Ratko Mladic Finally Caught After 16 Years on the Run

When I was a Balkans analyst at EUCOM, this turd was one of the bad guys we searched for.

After 16 years on the run, a frail and haggard Ratko Mladic was hauled before a judge Thursday — the first step in facing charges for international war crimes, including the slaughter of 8,000 Muslim men and boys in the Bosnian town of Srebrenica in 1995.

No longer the fearsome, bull-necked military commander, Mladic was arrested by intelligence agents in a raid before dawn at a relative’s house in a village in northern Serbia. The act was trumpeted by the government as a victory for a country worthy of European Union membership and Western embrace.

Mladic, 69, was one of the world’s most-wanted fugitives.

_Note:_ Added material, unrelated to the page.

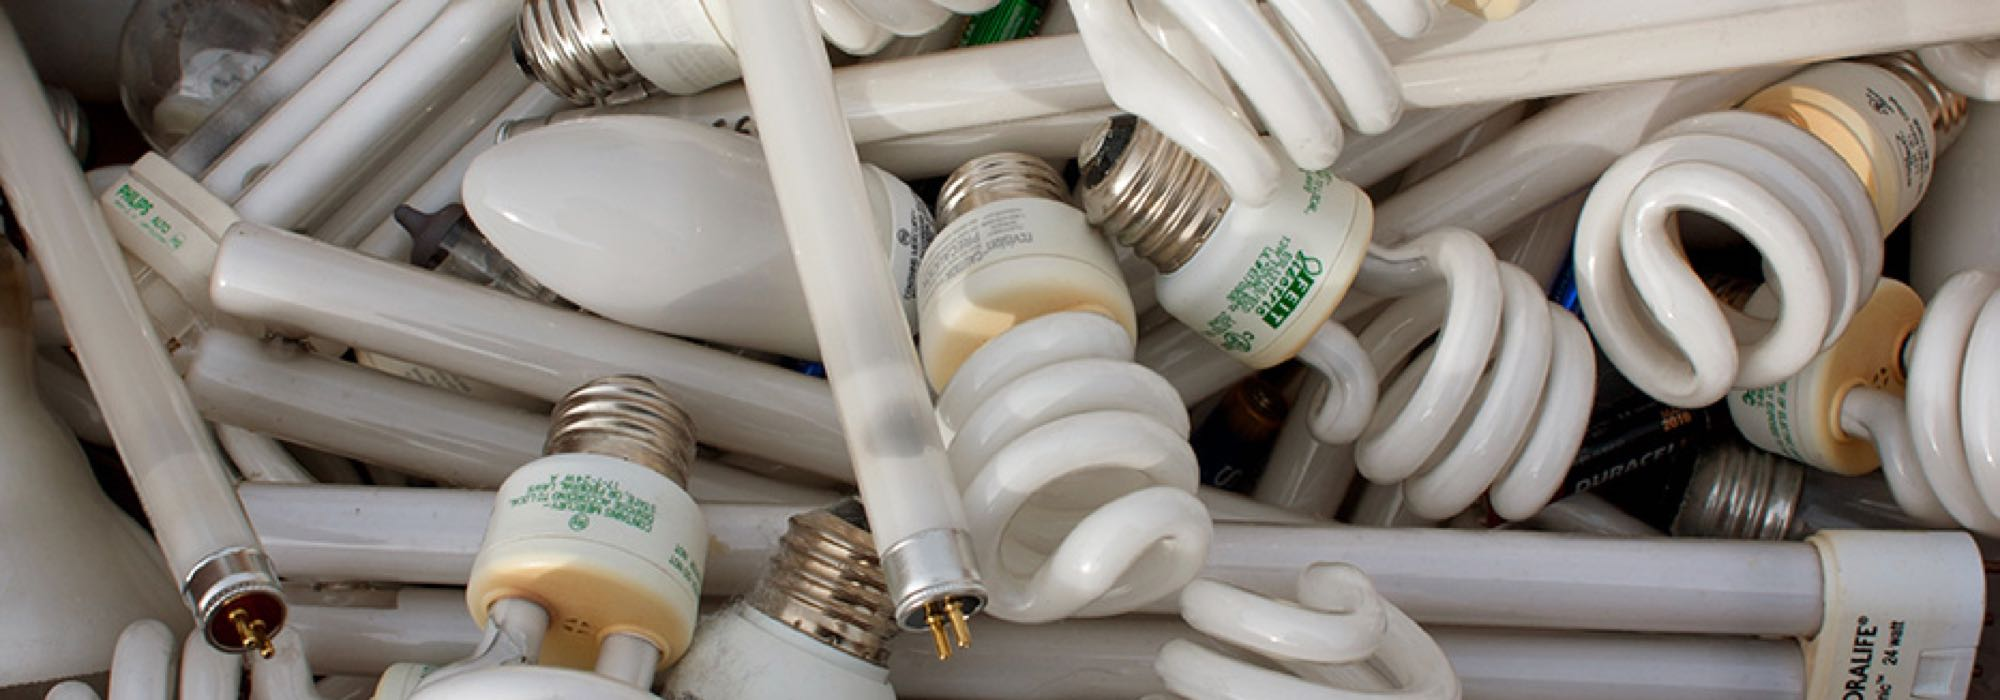 light recycling

He was the top commander of the Bosnian Serb army during Bosnia’s 1992-95 war, which killed more than 100,000 people and drove another 1.8 million from their homes. Thousands of Muslims and Croats were killed, tortured or driven out in a campaign to purge the region of non-Serbs.

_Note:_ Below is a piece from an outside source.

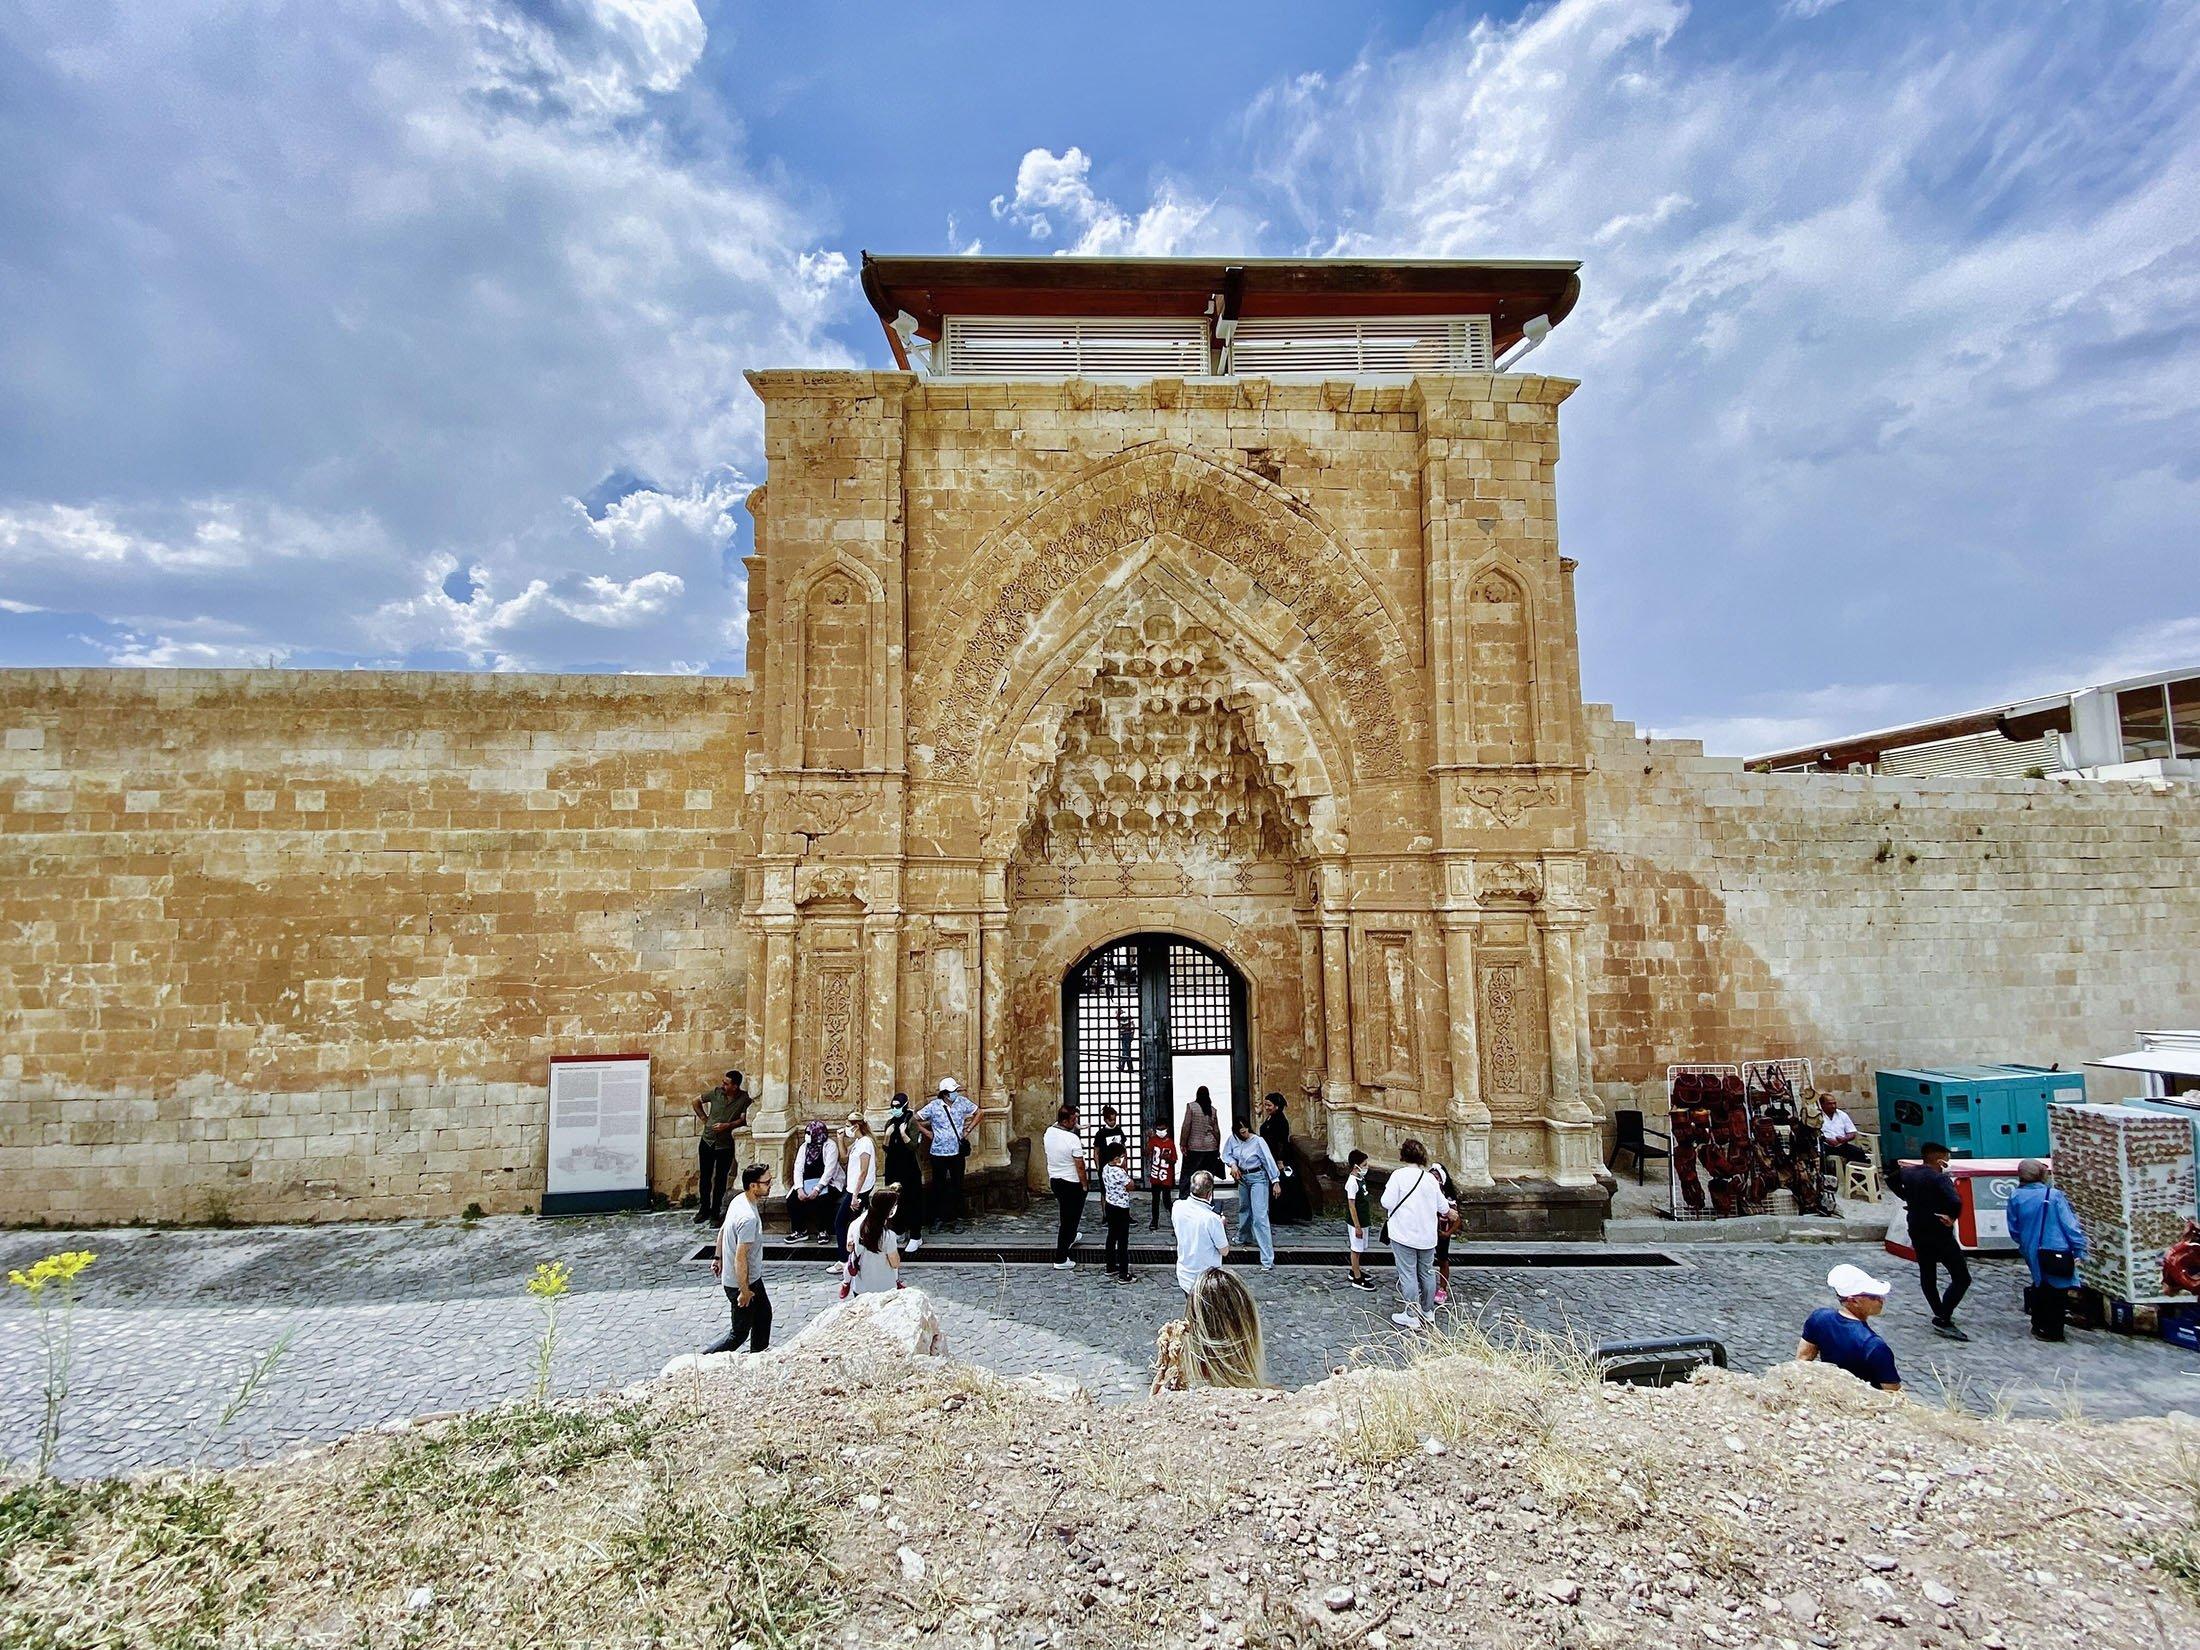 People walk through the grand main gate of the Ishak Pasha Palace can be seen from afar in theDoğubayazıt district of Ağrı, Turkey, July 30, 2021. (IHA Photo)

He was accused by the U.N. International Criminal Tribunal in The Hague, Netherlands, of genocide, crimes against humanity and war crimes for the massacre of Muslims by Bosnian Serb forces in eastern Bosnia and the relentless four-year siege of Sarajevo.

We went into Bosnia in 1995 under Operation Joint Endeavour, as part of a NATO contingency (IFOR) to stop the “ethnic cleansing” by the Serbs on the Bosniaks. I was there in 1999 as part of SFOR.

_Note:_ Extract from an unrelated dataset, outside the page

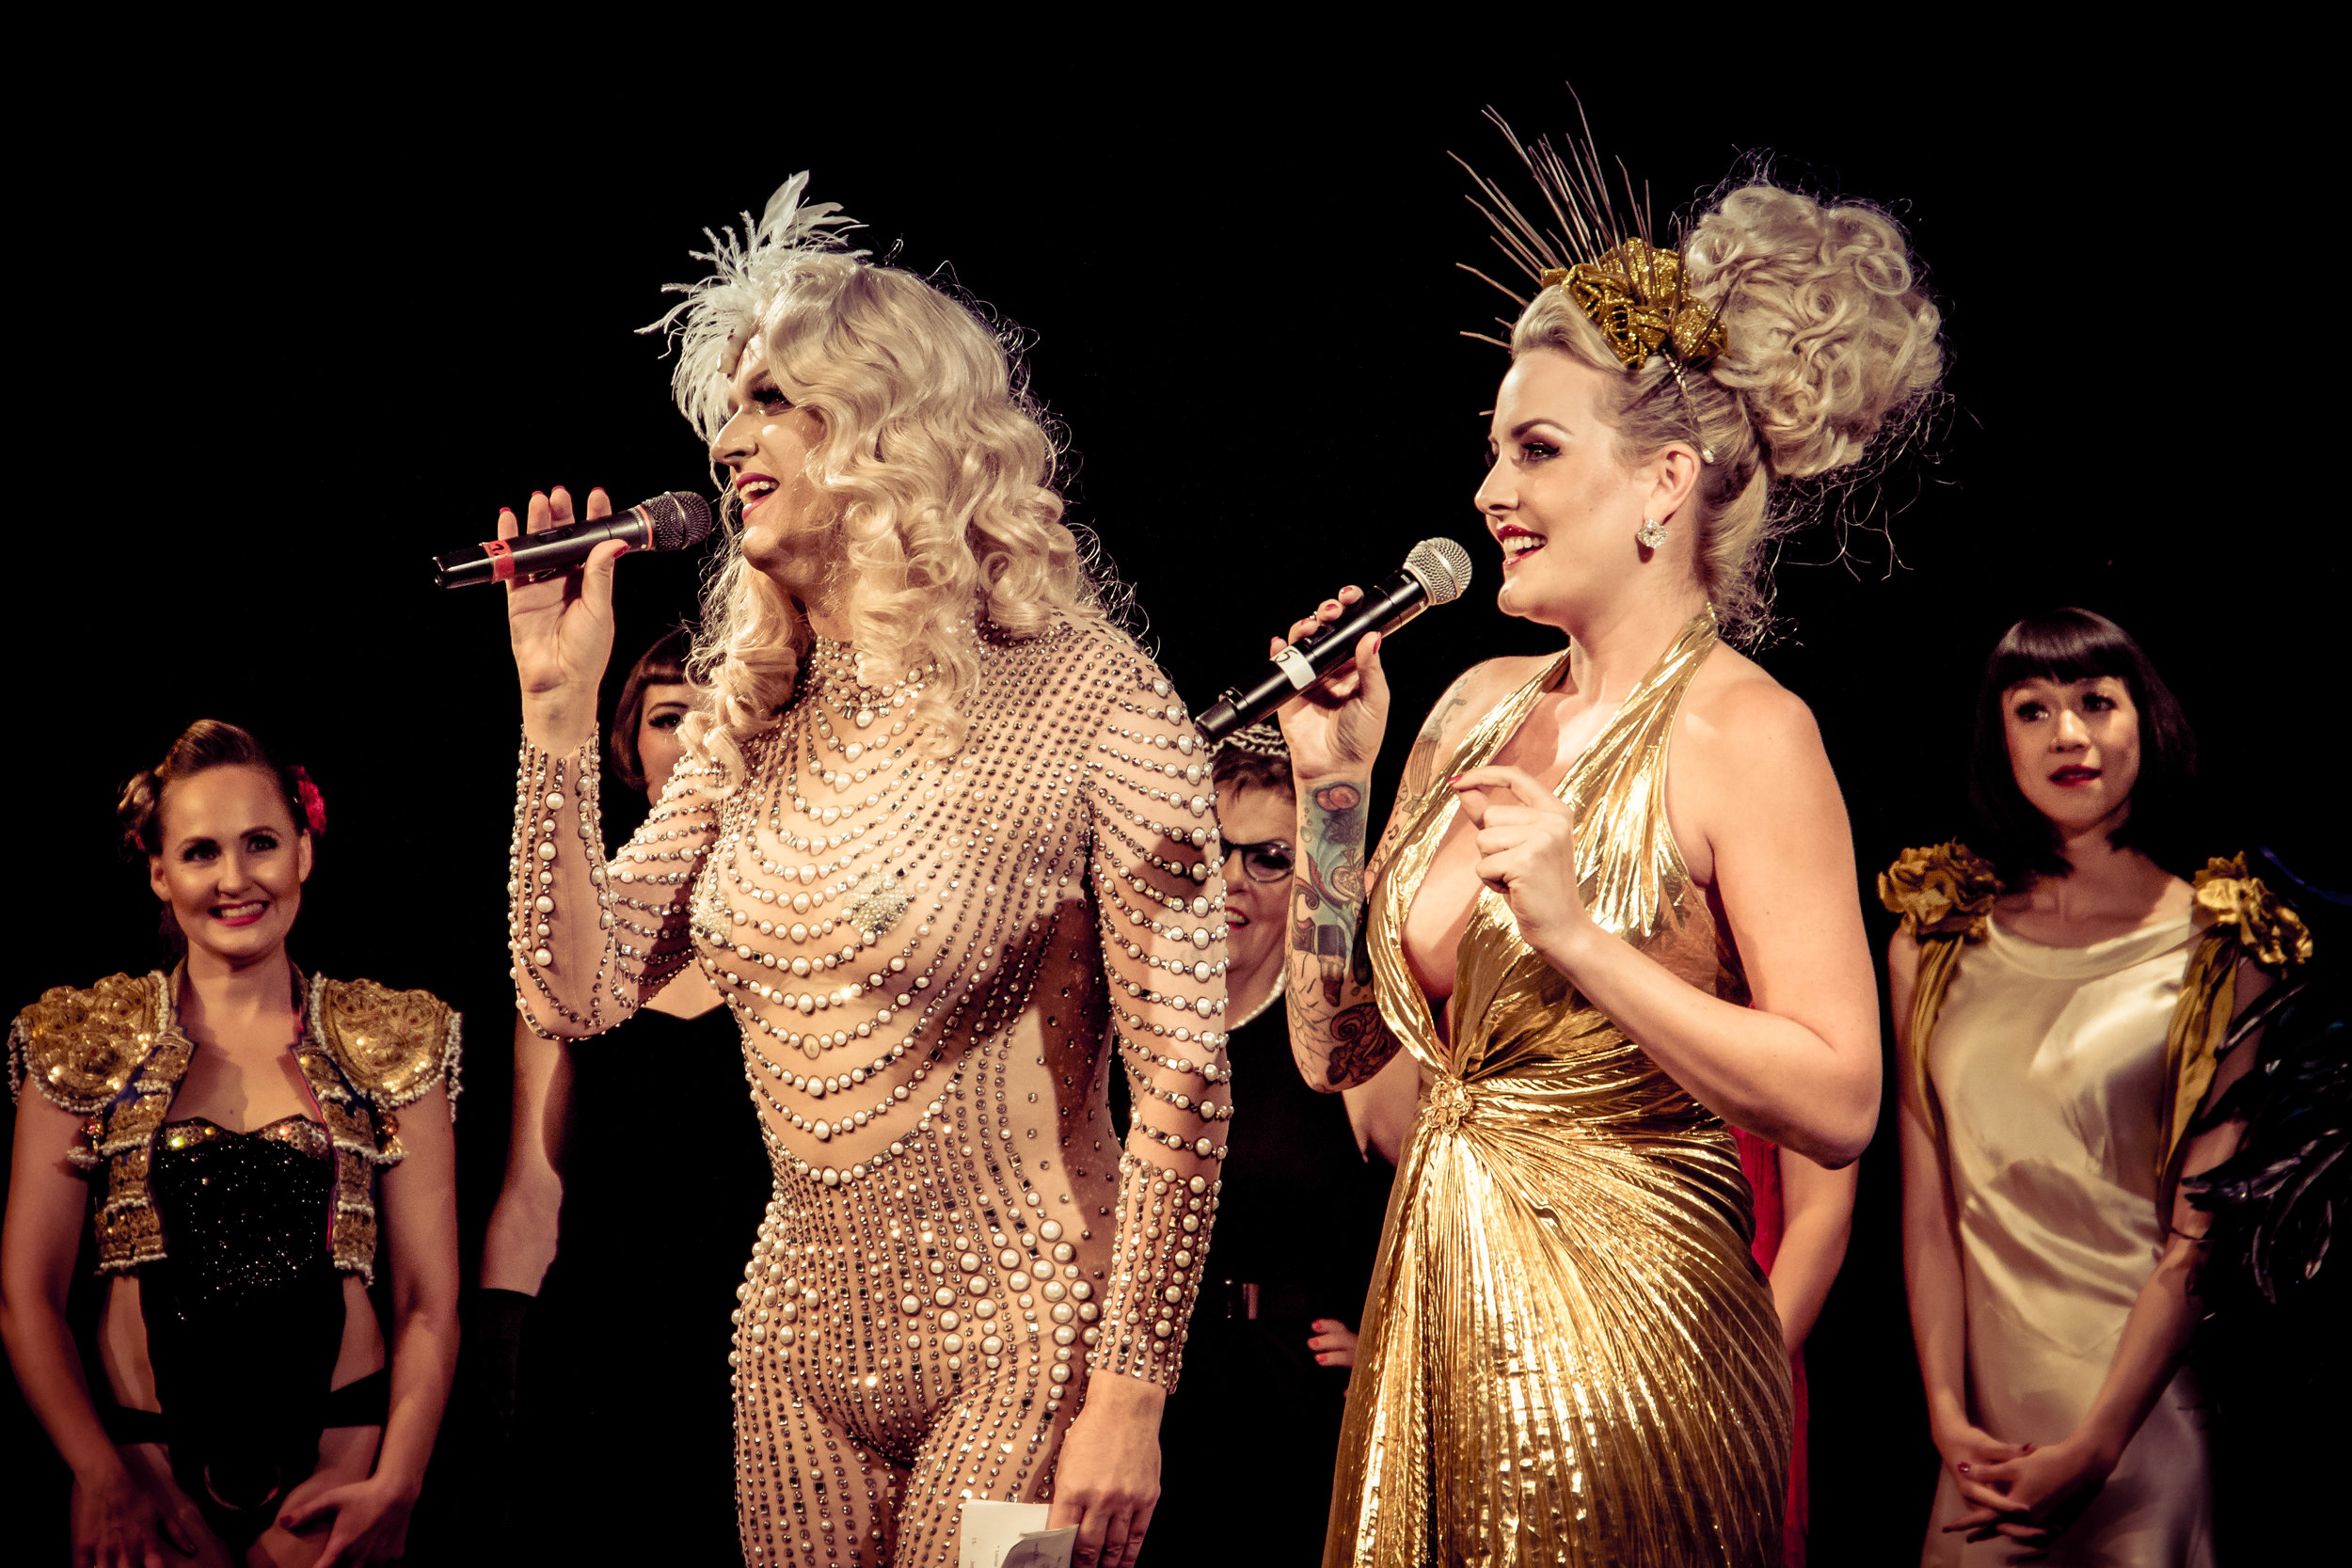 Swiss Burlesque Festival 2018 by Dirk Behlau-4178.jpg

Since our entry into Bosnia (Kosovo, in particular) as part of Clinton’s wag-the-dog tactic, the reactions of three major groups have been sharply divided. The Bosniaks loved us, the Croatians were ambivalent but cautious, and the Serbians just outright hated our guts.

There are no good guys there. The Croations, Serbs, and Bosniaks have slaughtered each other for centuries. Each “ethnic group” has taken their turn at being the massacrer. The only reason they took a 50-year break from that was because Marshall Josip Broz Tito, though not a good friend of the Soviets, was still a strong enough dictator to keep a lid on the insurrection pressure cooker. After his death the ethnic tension grew, the Berlin Wall fell, and Yugoslavia went batshit crazy. The irony is, in spite of their different religious denominations, they’re all Slavic. Every god-damned one of them.

Mladic’s partner in crime, former Serbian President Radovan Karadžić, was arrested in Belgrade and extradited to the International Criminal Tribunal for the former Yugoslavia, in The Hague in July 2008.

Upon hearing of Mladic’s capture, Karadzic expressed his regret for Mladic’s loss of freedom.  No mention of any sadness over the atrocities at Srebrenica.

Karadzic’s trial has lasted nearly three years.  You’d think with all the indisputable evidence, he’d have been convicted and sentenced by now.